[HN Gopher] Scientists get closer to solving chemical puzzle of ...
       ___________________________________________________________________
        
       Scientists get closer to solving chemical puzzle of the origin of
       life
        
       Author : gardenfelder
       Score  : 44 points
       Date   : 2024-02-29 15:45 UTC (7 hours ago)
        
 (HTM) web link (www.washingtonpost.com)
 (TXT) w3m dump (www.washingtonpost.com)
        
       | pfdietz wrote:
       | In OoL, there will be steps. Some could be easy, others
       | potentially very hard.
       | 
       | By their very nature, the easier steps will be understood first.
       | Understanding them therefore doesn't say much about how the hard
       | the overall process is.
       | 
       | An analogy is those collect-all-the-letters games one sometimes
       | sees from grocery stores or fast food restaurants. If you collect
       | all the letters in some phrase, you win a big prize.
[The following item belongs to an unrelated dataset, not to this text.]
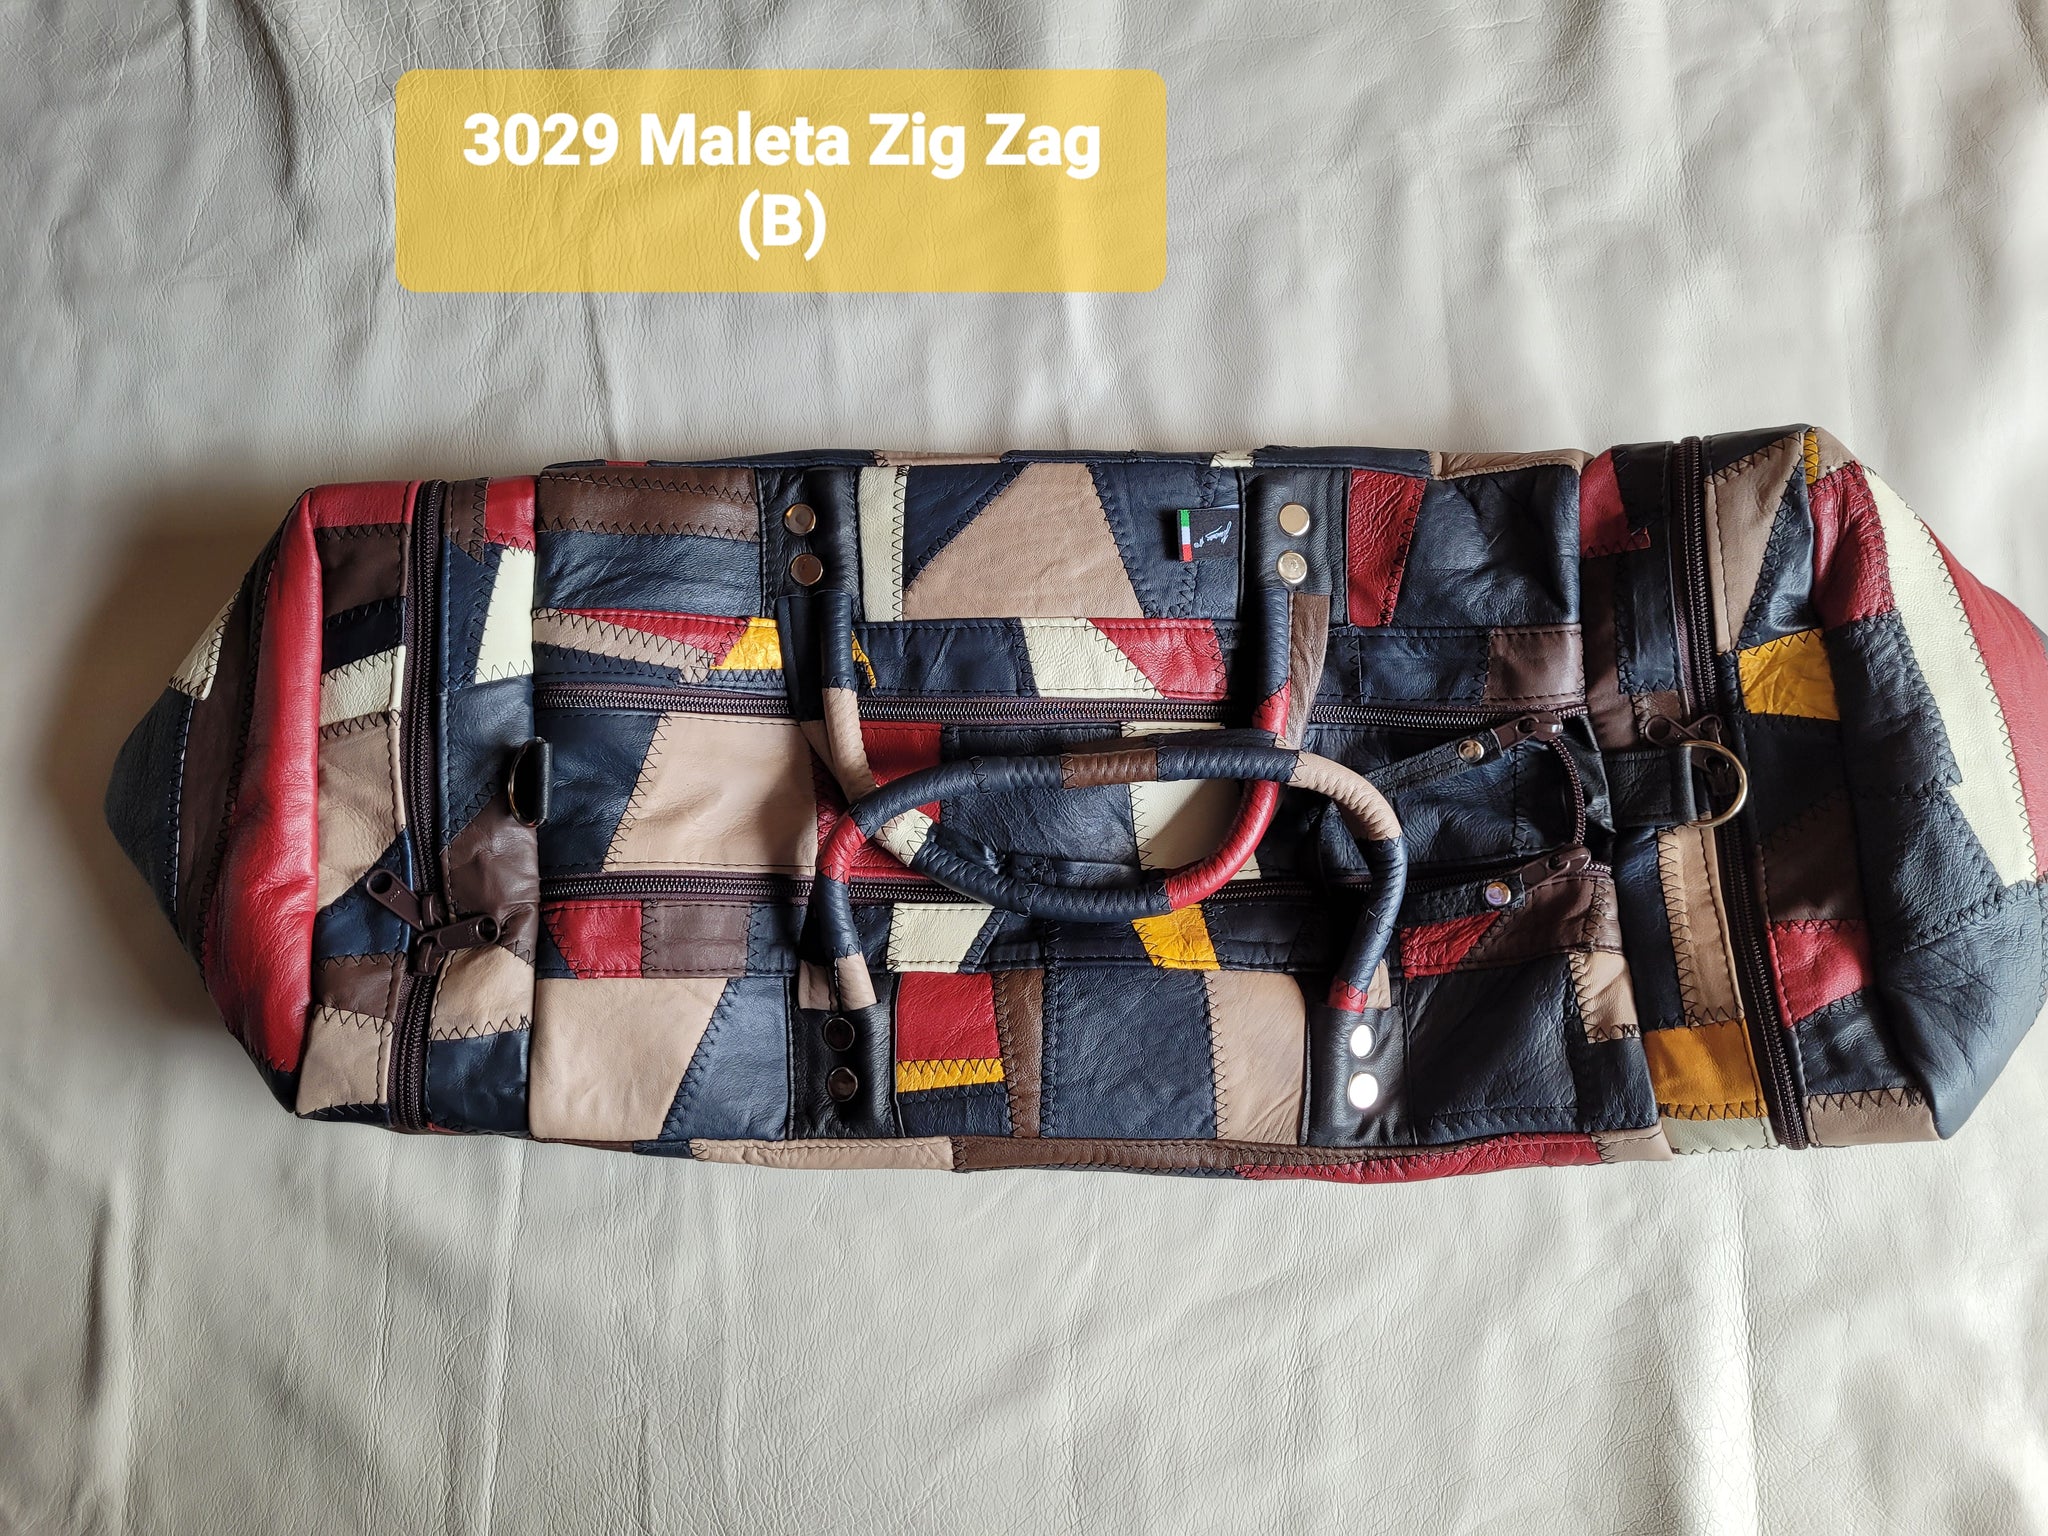 Maleta Zig Zag -3029-

When you
       | start playing the game, the letters come quickly, and the phrase
       | fills in promisingly. But there's one letter that never seems to
       | show up. The contest ends and your phrase is still incomplete.
       | What happened, of course, is that all the letters except that one
       | were just distractions. That one letter was very rare and
       | controlled how many times the prize would actually be awarded.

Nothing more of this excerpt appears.